One Word Week 6- Friday

One Word

This winter on The Daily Pattern we’re in a series called One Word. Each day we take one word – a feeling or circumstance – and bring a word from God to it. Let the Word of God speak to your life.

Invocation
Make the sign of the cross, and say,
In the name of the Father, and of the Son, and of the Holy Spirit.  Amen.  

Invitation Prayer
“Blessed are the meek, for they shall inherit the earth.”  (Matt. 5:5)  O Lord, I am lowly and humble.  You alone are my inheritance.  Amen.  

Word: Psalm 146:9
“The LORD watches over the foreigner, he upholds the widow and the fatherless…” 

Meditation
Immigrant by Jeff Cloeter

Two years ago, God gave me a gift. He placed a young man in my life named Charles. Charles grew up in a refugee camp in Uganda.  When he was 16, his family was given an opportunity to come to the United States. He learned English, kicked for his high school football team, and graduated. Today, he’s completing his associate’s degree at a community college and preparing to transfer to a four-year university.  

In Uganda, Charles and his family had a few cows. It was nothing like the big agriculture of America.  No tractors, no barns, no fences. They would let the cows roam the countryside around the camp.  Charles’ job was to follow the cattle wherever they found pasture.  As a 10-year-old boy, he would sleep for days in the countryside next to the cows.   
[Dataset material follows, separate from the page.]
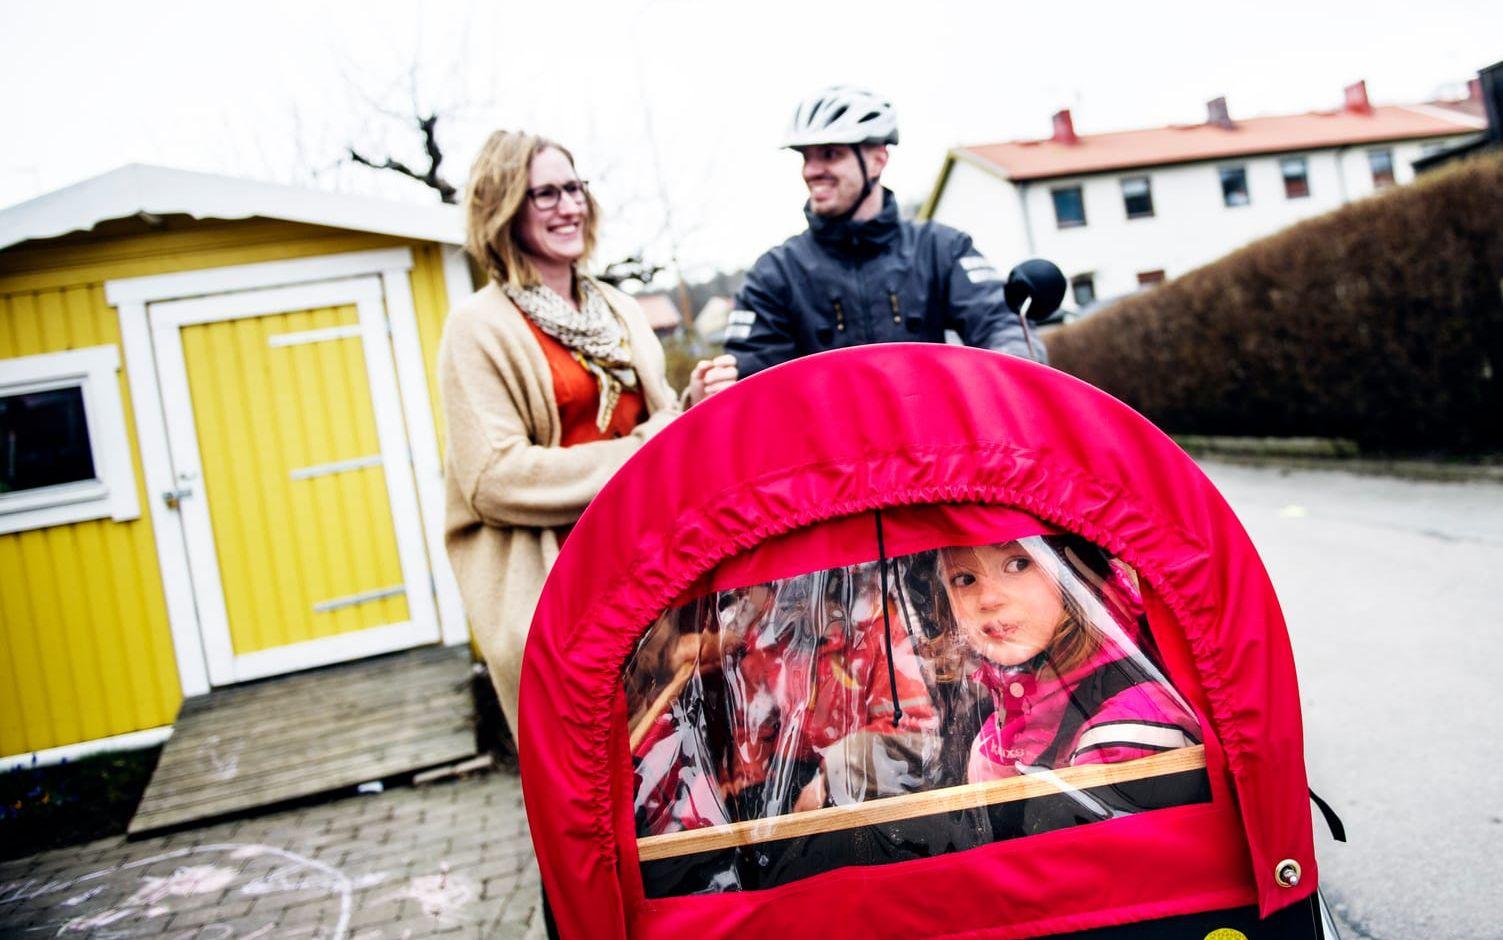 Trots att det bara haft cykeln under vintern, har vädret inte varit ett stort problem för familjen. Bild: Anna Svanberg
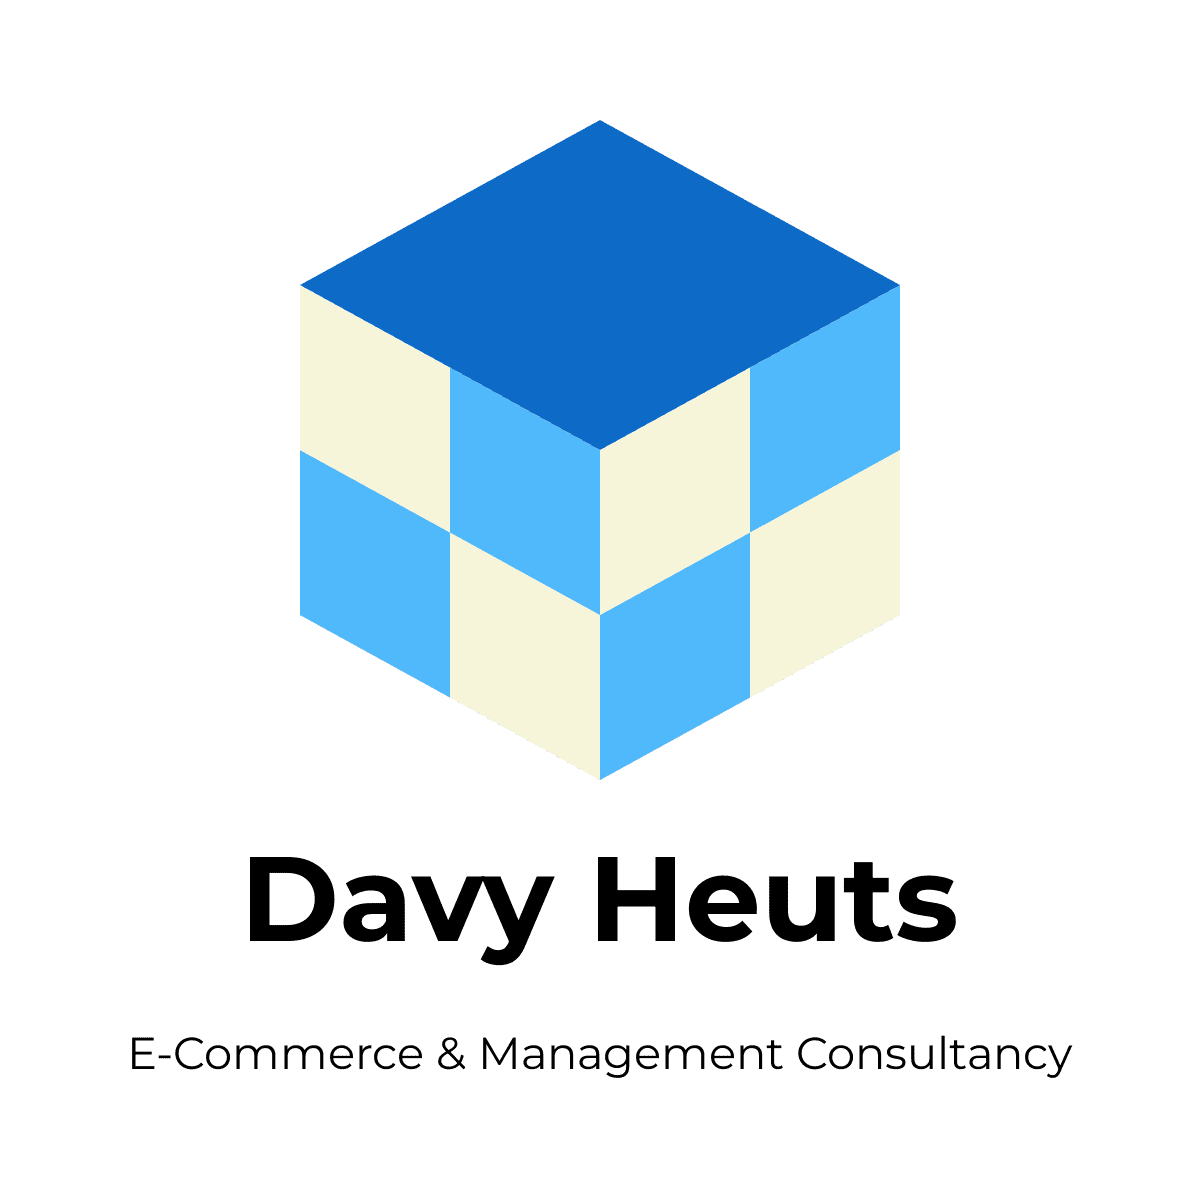 Davy Heuts – E-Commerce & Management

Charles is an intern at my church. I meet with him weekly to talk about God, life, and ministry. Last year we were reading through Luke’s gospel and came to this: “And in the same region there were shepherds out in the field, keeping watch over their flock by night” (Luke 2:8). After we read it, Charles said, “Oh, I did that.” Although he watched cows instead of sheep, Charles knows exactly what it’s like to be a shepherd. He did that! So I said, “OK, teach me.”  

In my friendship with Charles, I have seen that he is often overlooked and undervalued. Immigrants are often perceived as a lower class in our society. At best, we kindly put them on the sideline and assume they will work the jobs we don’t prefer. At worst, we see them as a threat to “American values.”  

This isn’t new. In the Bible, immigrants (the “foreigner,” the “alien,” the “sojourner”) are always at the bottom. But God has a heart for the overlooked and undervalued. In Deuteronomy, God demands that his people make provision for them. “When you reap your harvest and leave a sheaf in the field…it shall be for the sojourner, the fatherless, and the widow” (24:19).

Charles started a ministry to African youth. It has been a gift to me. Here I see the Lord working hope and joy among kids who are pushed to the margins of society. This is just God’s way. The Bible is full of immigrants and wanderers without a home. Abraham is a template of the pilgrim sojourner. In a way, we all are immigrants, for we are never really home here. We desire “a better country, that is, a heavenly one. Therefore God is not ashamed to be called their God, for he has prepared for them a city” (Heb. 11:16).  

Lord, give me eyes to see the overlooked and undervalued around me. How can I welcome them, show them compassion, and bless them? Even more, how will you bless me through a “sojourner”? Teach me the faith of a pilgrim wanderer. Make me long for a “a better country.”  In Jesus’ name, Amen.  

Prayer for Family

·        For my immediate family (parents, spouse, siblings).

·        For extended family (cousins, aunts and uncles, grandparents)

·        For close friends that are as family to me. 

·        For those who don’t have families, or whose families are broken.

·        For forgiveness and reconciliation where there is division in my family.

·        For provision where there is need in my family.

·        For God to be the foundation, and the cross the center of my family. 

·        For a generation yet unborn, future members of our family. 

Closing Prayer
O Lord and King, your Kingdom comes even without our prayer.  But we pray that it would also come among us.  We are desperate for your reign and rule, for all we see is rebellion.  Come into my heart, my home, my family, my work, my church, my community.  Rule with justice and with mercy.  Come, Lord Jesus.  Amen.